For very large fleets (1000+ PLCs), chunk the dispatch:

php chunked dispatch with delay
PlcUnit::query()->where('active', true)->chunkById(100, function ($units, $page) {
    foreach ($units as $i => $unit) {
        // Spread the dispatch over time to avoid all hitting at once
        SamplePlc::dispatch($unit->serial, $nodes)
            ->delay(now()->addSeconds($i % 10));
    }
});

Each minute's sample is spread over 10 seconds. Smoother queue behaviour and less likely to saturate the OPC UA layer at the start of each minute.

Job batching

For history reads where a batch needs to succeed or fail together:

php batched history
use Illuminate\Bus\Batch;
use Illuminate\Support\Facades\Bus;

Bus::batch([
    new FetchDailyHistory('plc-1', '2026-05-15'),
    new FetchDailyHistory('plc-2', '2026-05-15'),
    new FetchDailyHistory('plc-3', '2026-05-15'),
])->then(function (Batch $batch) {
    // All succeeded
    Log::info("Daily history complete for {$batch->totalJobs} PLCs");
})->catch(function (Batch $batch, \Throwable $e) {
    // First failure within the batch
    Log::error("History batch failed: {$e->getMessage()}");
})->onQueue('opcua-history')->dispatch();

OPC UA connection cache across workers

By default, each queue worker has its own OpcuaManager. So 8 opcua-data workers each open their own connection — 8 server- side sessions. Three options to reduce this:

  1. Run fewer workers with batching inside.
  2. Use managed mode — all workers share one daemon-held session per (endpoint+identity).
  3. Run a single worker with concurrency in newer Laravel versions (still experimental).

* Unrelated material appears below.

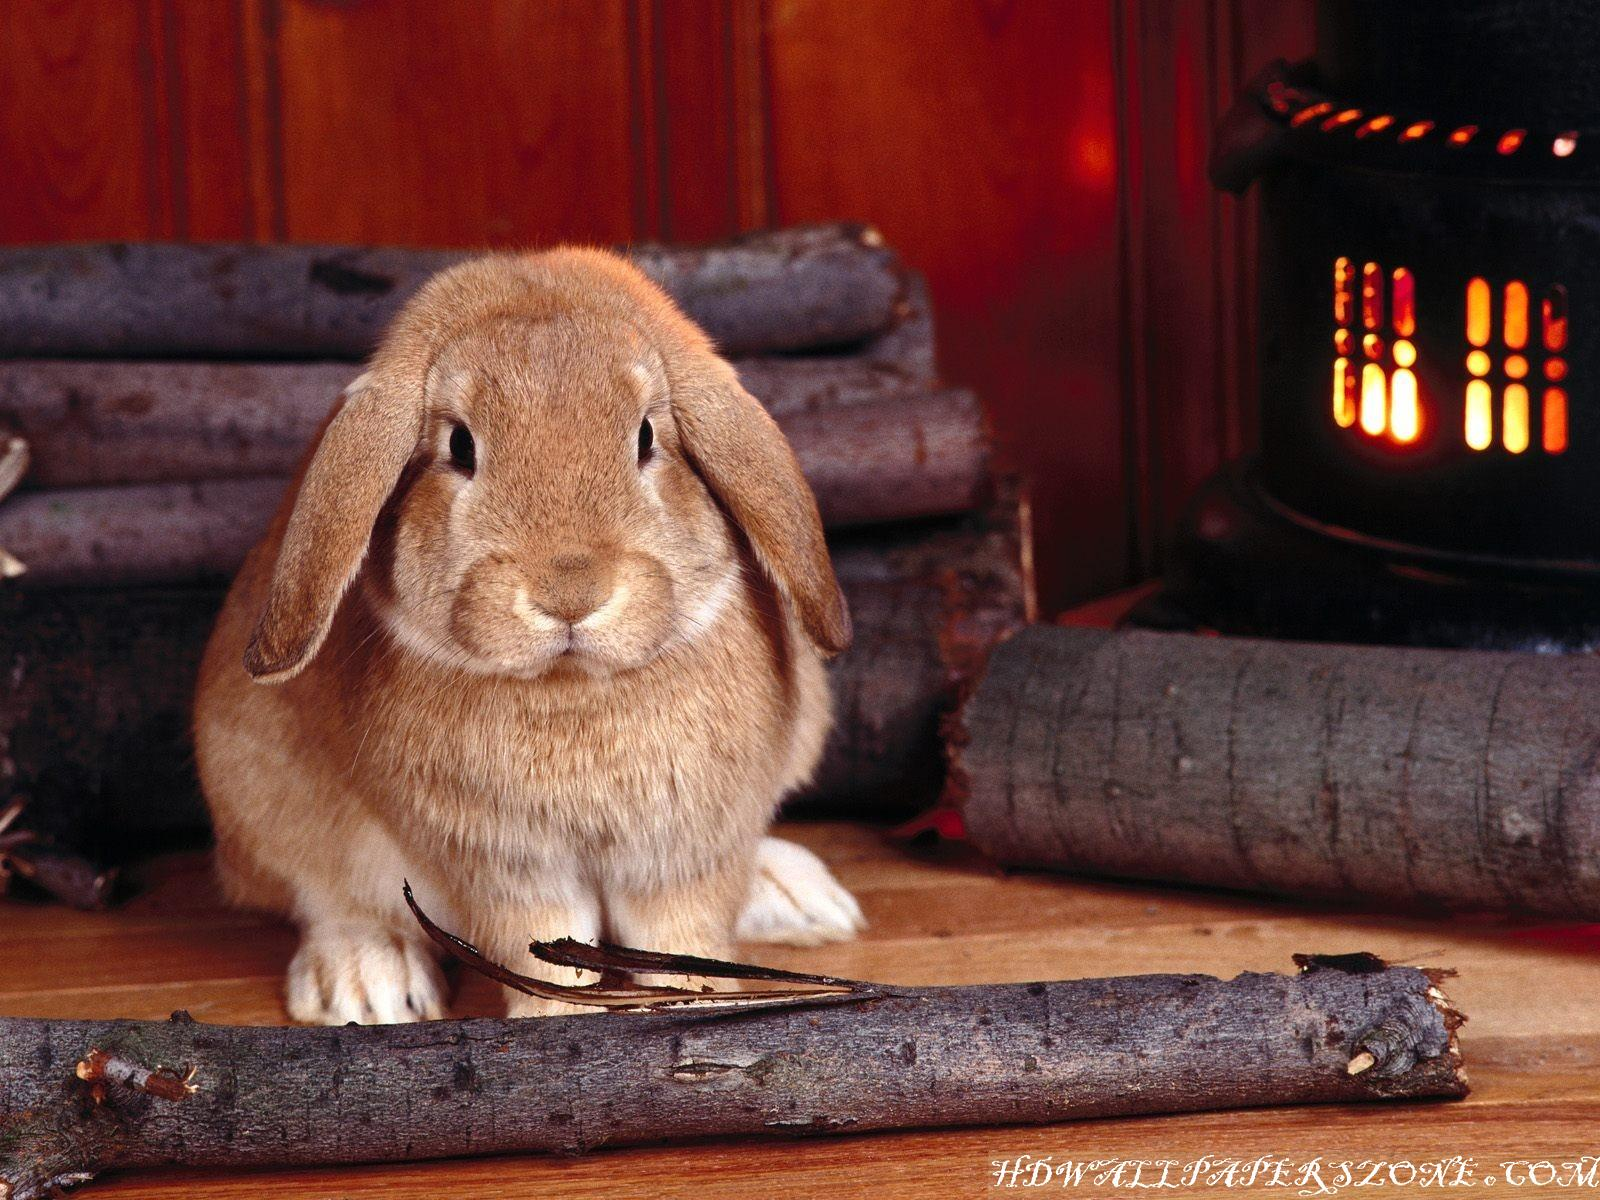 https://4.bp.blogspot.com/-3gH_biUlssc/ToBrDf-hb7I/AAAAAAAAAPo/ovZjNed4vjQ/s1600/HD+ANIMALS+WALLPAPERS+%252828%2529.jpg
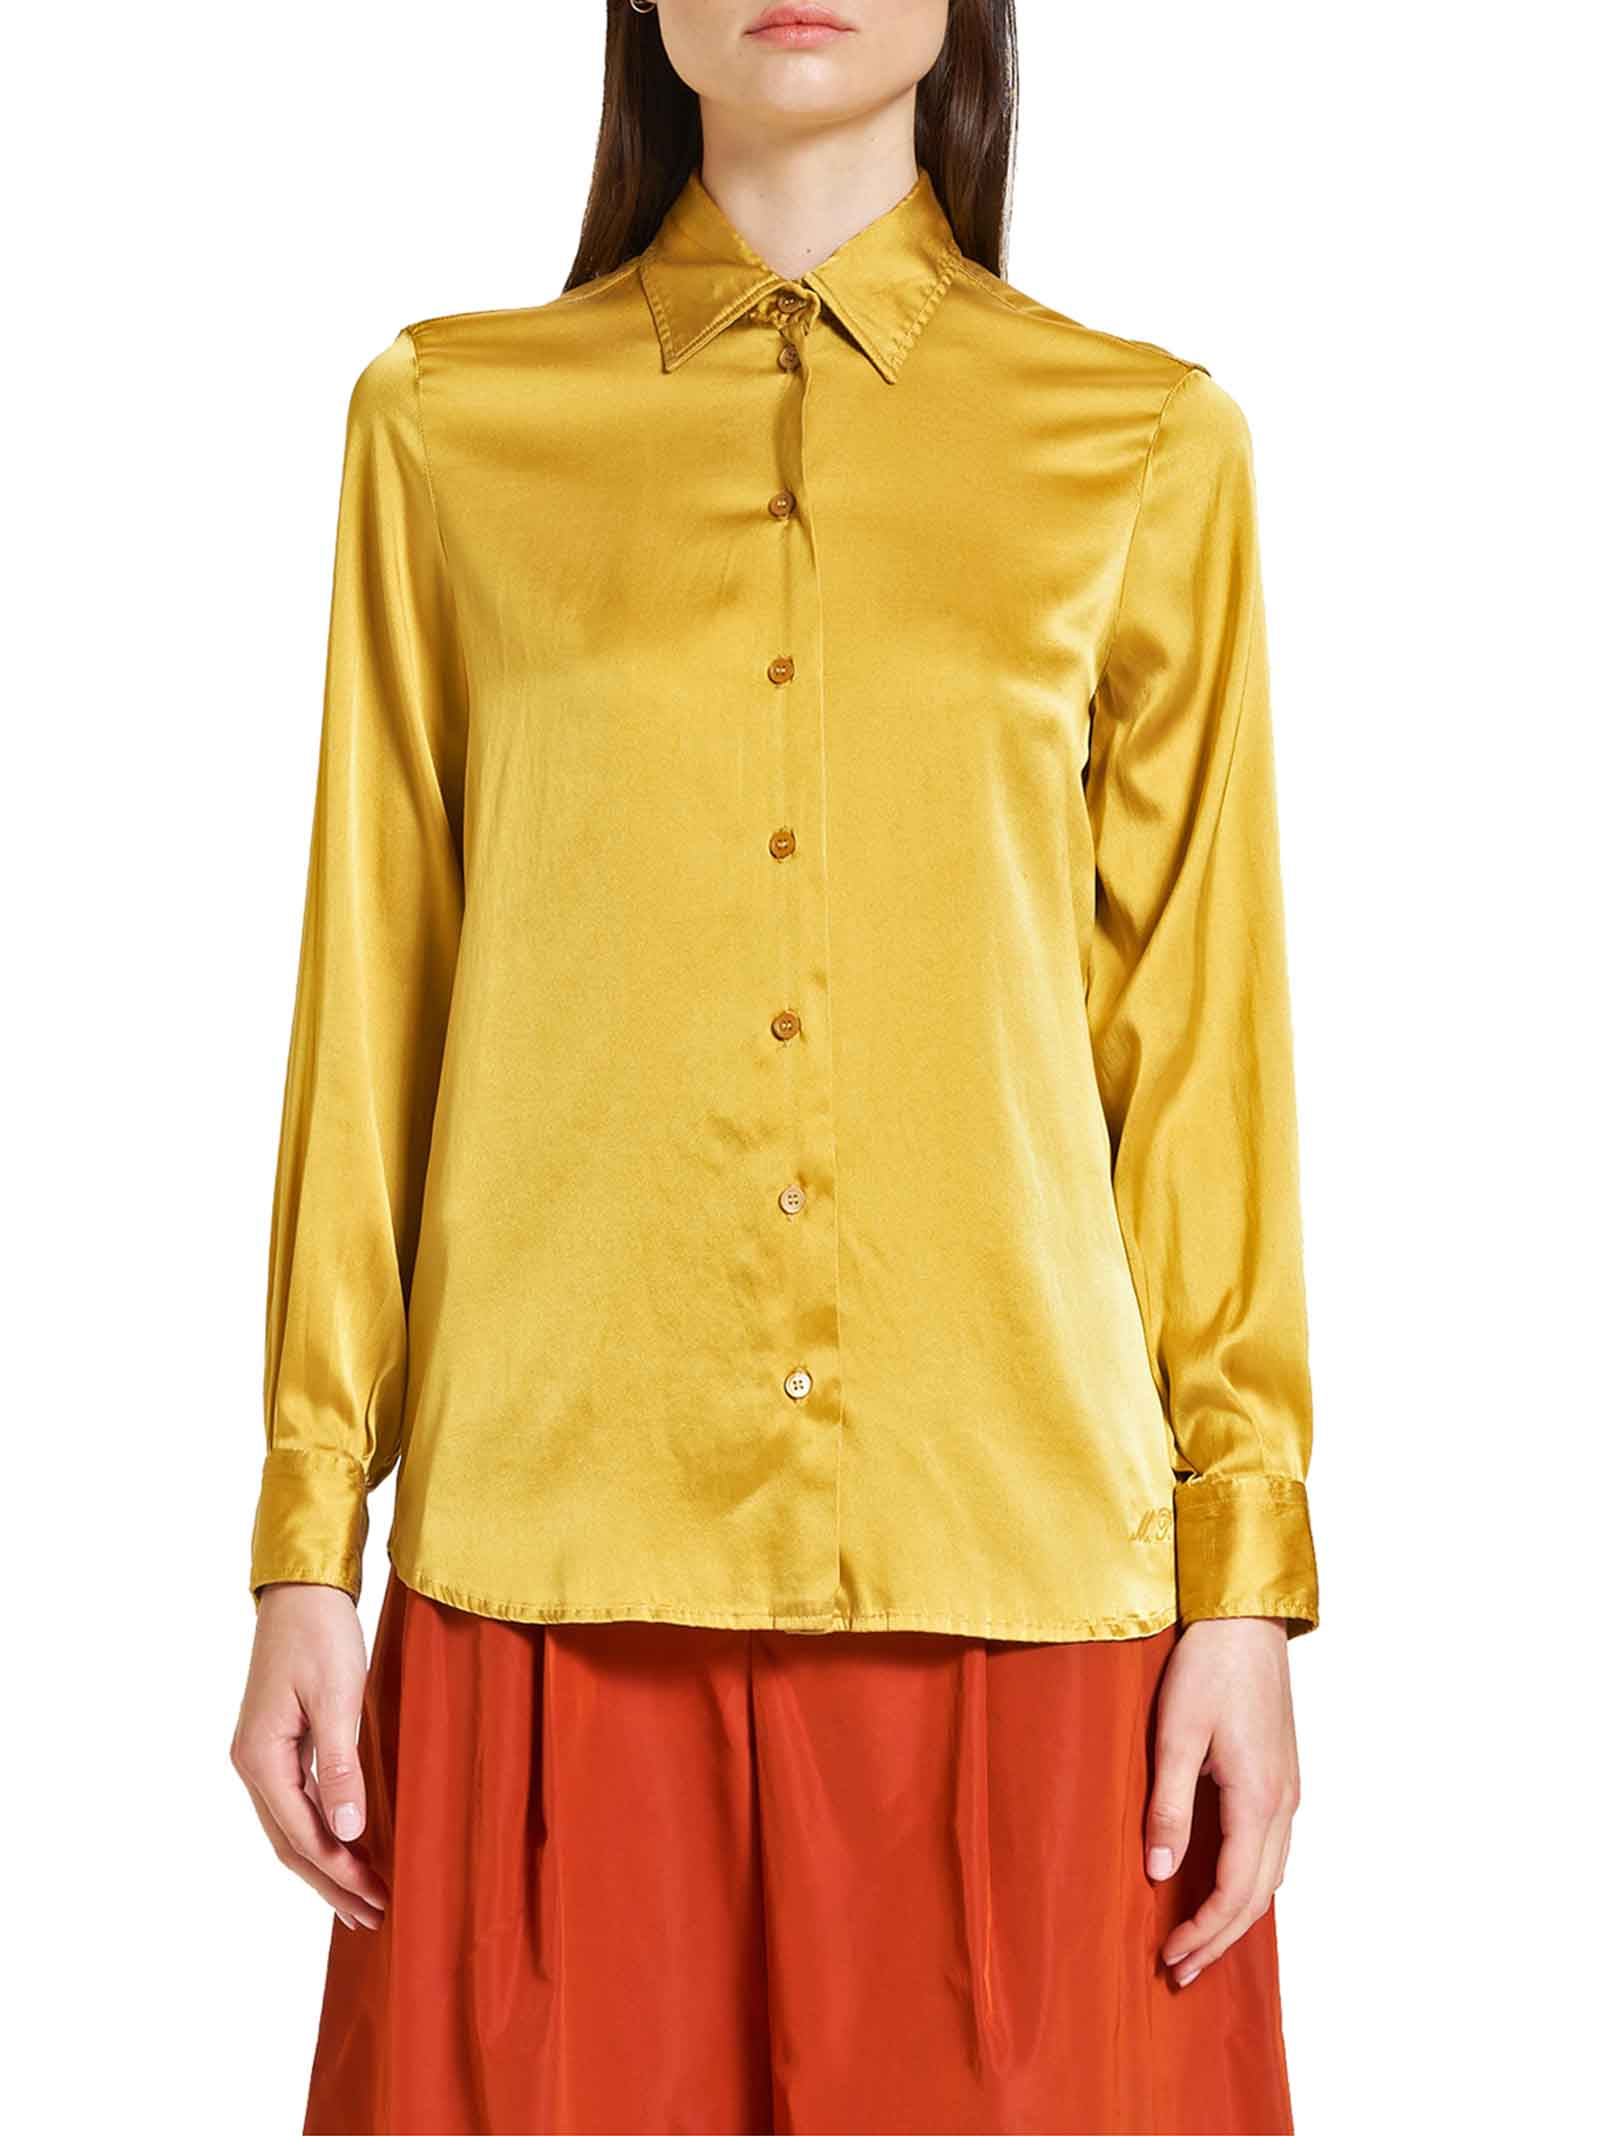 Women's Clothing 100% Pure Silk Satin Shirt Mustard Long Sleeves Maliparmi   Shirts and tops   JM21443102070013

For production deployments with security cost (RSA signing), managed mode is the better answer. See Session manager · Overview.

Worker memory budget

Long-running PHP workers can accumulate memory over time. The standard Laravel queue:work flags --memory and --max-time let workers restart cleanly:

Setting Typical value
--memory 512
--timeout per-job
--max-time 3600

These are standard Laravel queue-worker flags (not anything this package adds). Horizon's per-supervisor config exposes the same knobs.